Et c’est logiquement que les géants de la Bundesliga ouvrent le score après 24 minutes grâce à une tête formidable signée Ludwig Kögl. Allions-nous assister à un cavalier seul de la bande Rummenigge ? On aurait pu le croire. Mais, étonnamment, les Allemands n’ont pas profité de leurs temps forts et du doute des Bleu et Blanc pour tuer le match. La différence va se faire dans le dernier quart d »heure au profit du FC Porto qui a décidé de lancer toutes ses forces dans une sorte de quitte ou double. Grâce à un homme aussi providentiel que génial, Rabah Madjer. L’Algérien, qui n’avait inscrit que deux buts lors du premier tour face aux Maltais de Rabat Ajax et en quart de finale aller face aux Danois de Brondby, va assommer le triple champion d’Europe en égalisant à la 78e minute. Après un débordement côté gauche, Rabah Madjer, dos au but, voit le ballon lui revenir entre les pieds. À ce moment du match, l’inspiration va prendre la place de la raiso. L’Algérien choisit le talon pour loger le ballon hors de portée de Pfaff. La « Madjer » est née.
Troublés par cette réussite fantastique, les Bavarois accusent le coup Deux minutes plus tard, le natif d’Alger, qui était sorti un bref instant pour soigner un mollet, récidive en offrant un caviar à Juary, entré en jeu à la mi-temps, dont la volée fait trembler les filets allemands. Le Brésilien donne l’avantage aux siens. C’est le coup de grâce. Et le 27 mai 1987, Madjer devient le premier joueur africain et arabe à remporter la Coupe aux grandes oreilles en même temps que son geste technique entrera dans la légende en portant son nom.

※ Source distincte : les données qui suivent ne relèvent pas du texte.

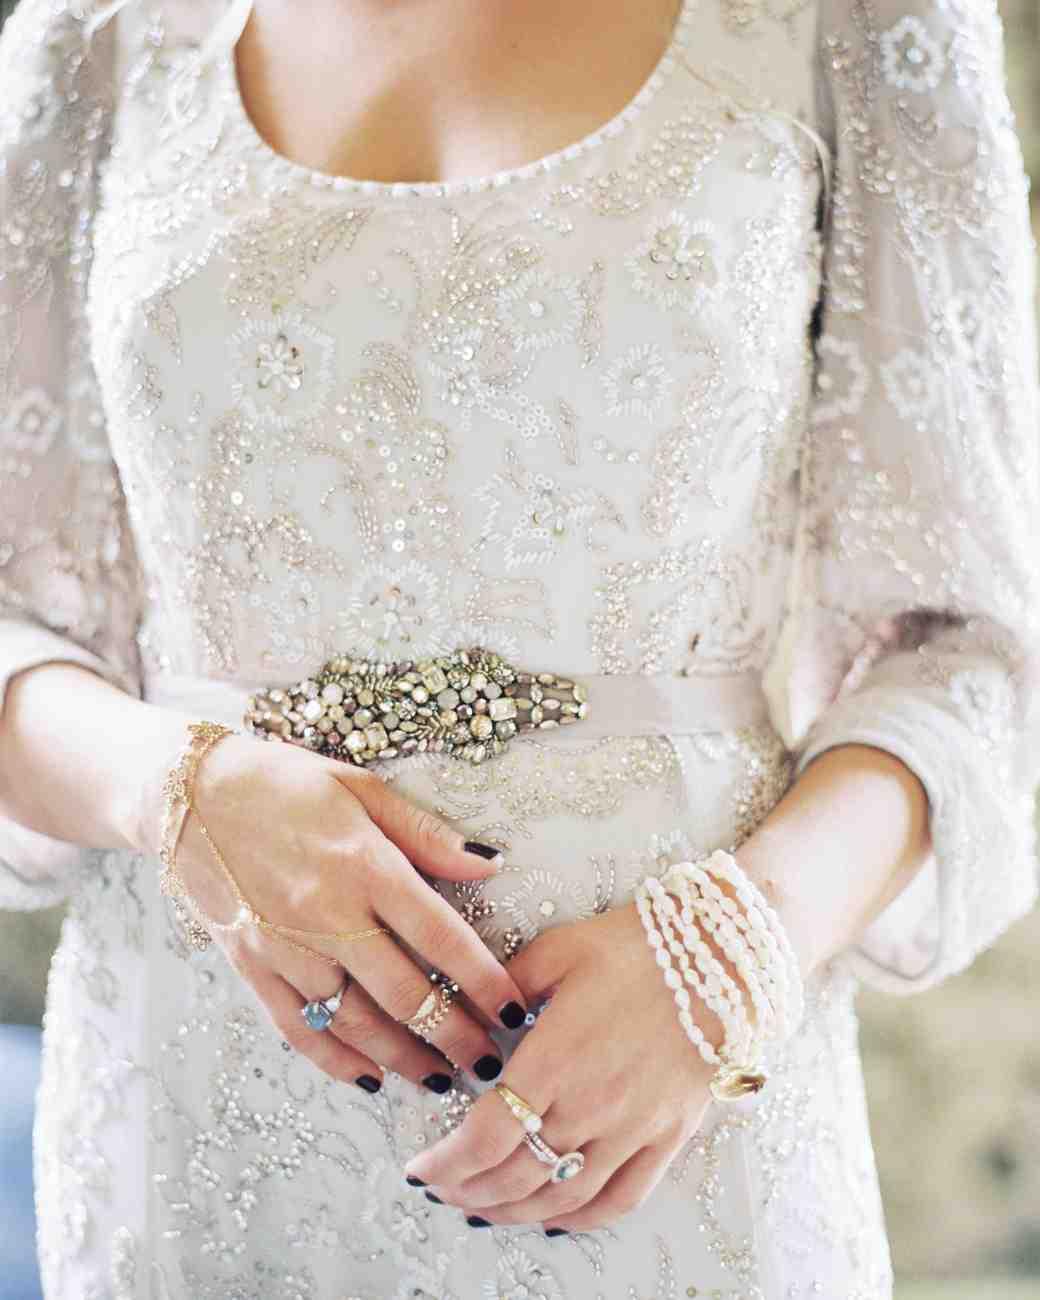 ginny-andrew-wedding-accessories-0282-s112676-0216.jpg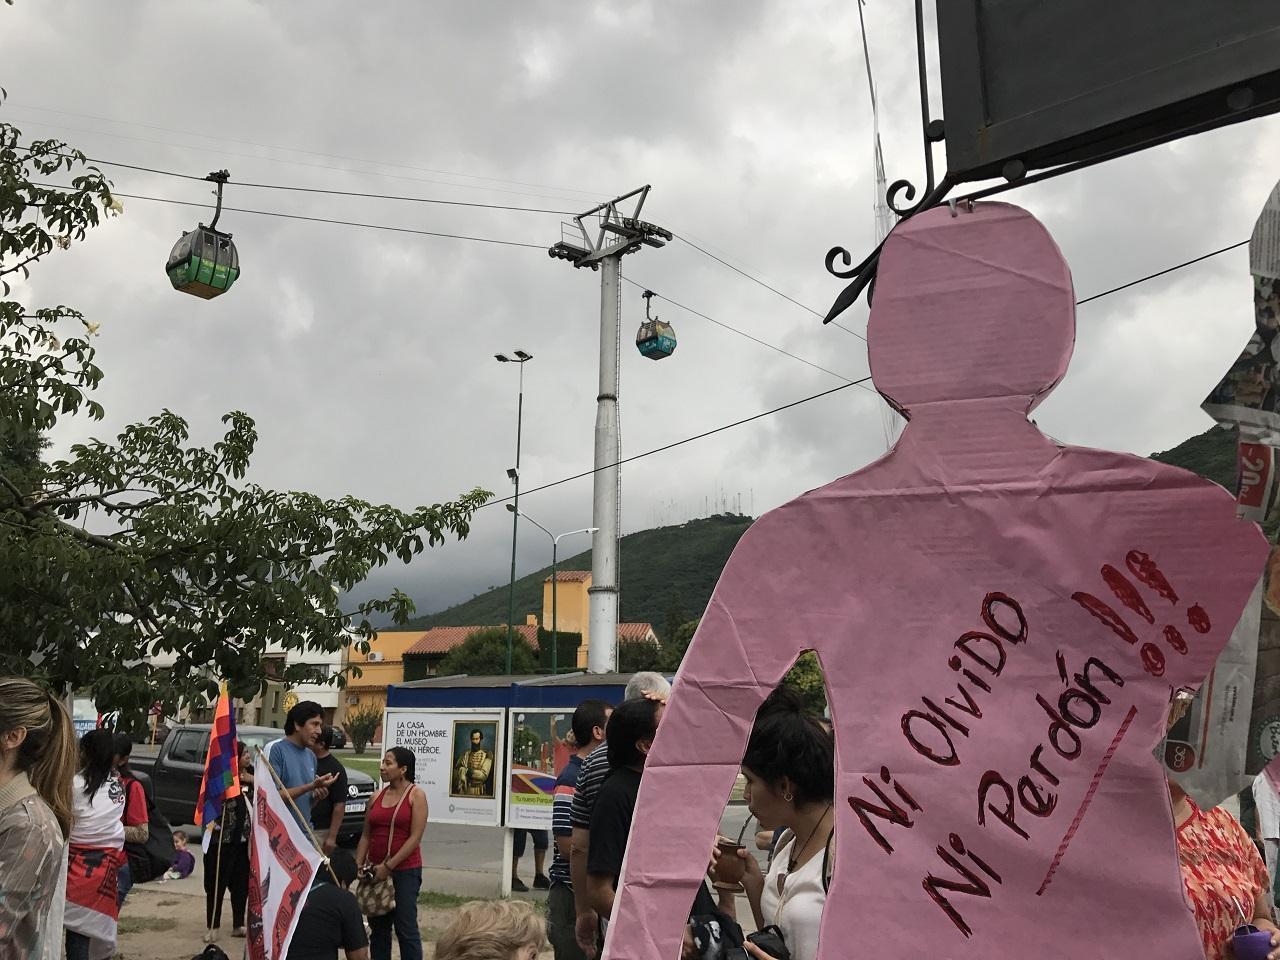 Abuelas de Plaza de Mayo anunciaron que encontraron a nieta 126

L’APRÈS. La « Madjer » devient une marque déposée. C’est le Fennec himself qui parle ainsi de la talonnade qui l’a rendu célèbre dans le monde entier et pour l’éternité. » Ce match-là, c’est mon plus grand souvenir. Je marque un but, je donne une passe décisive et je gagne un titre qui reste à vie dans un palmarès », a-t-il confié, il y a quelques années, dans les colonnes de FIFA. Com. Ajoutant : » Je n’avais jamais pensé atteindre un jour ce stade. Je me demandais même en entrant sur le terrain si c’était bien moi face au grand Bayern. Je me rappelle que la veille de la finale, je me demandais comment j’allais jouer. Mon compagnon de chambre de l’époque, Jozef Mlynarczyk, avait peur. Je lui ai dit qu’on allait gagner 2-1. Le bon Dieu m’a entendu ». J’étais dos au but, je ne pouvais faire qu’une talonnade pour marquer. Je l’ai jouée à l’instinct, je l’ai sortie comme ça. Je n’avais pas le temps pour réfléchir. Juste après la finale, j’ai refait le geste dans un match de championnat. J’ai marqué aussi ». En 1988, un an seulement après le sacre du Praterstadion, Madjer quitte « Les Dragons » pour rejoindre la Liga et le FC Valence. Une escapade de quelques mois avant de revenir à Porto pour trois ans supplémentaires dans ce qui restera à jamais sa maison. En 1990, il connait sa deuxième grande émotion en tant que joueur lorsqu’il remporte la première Coupe d’Afrique des nations de l’histoire du football algérien.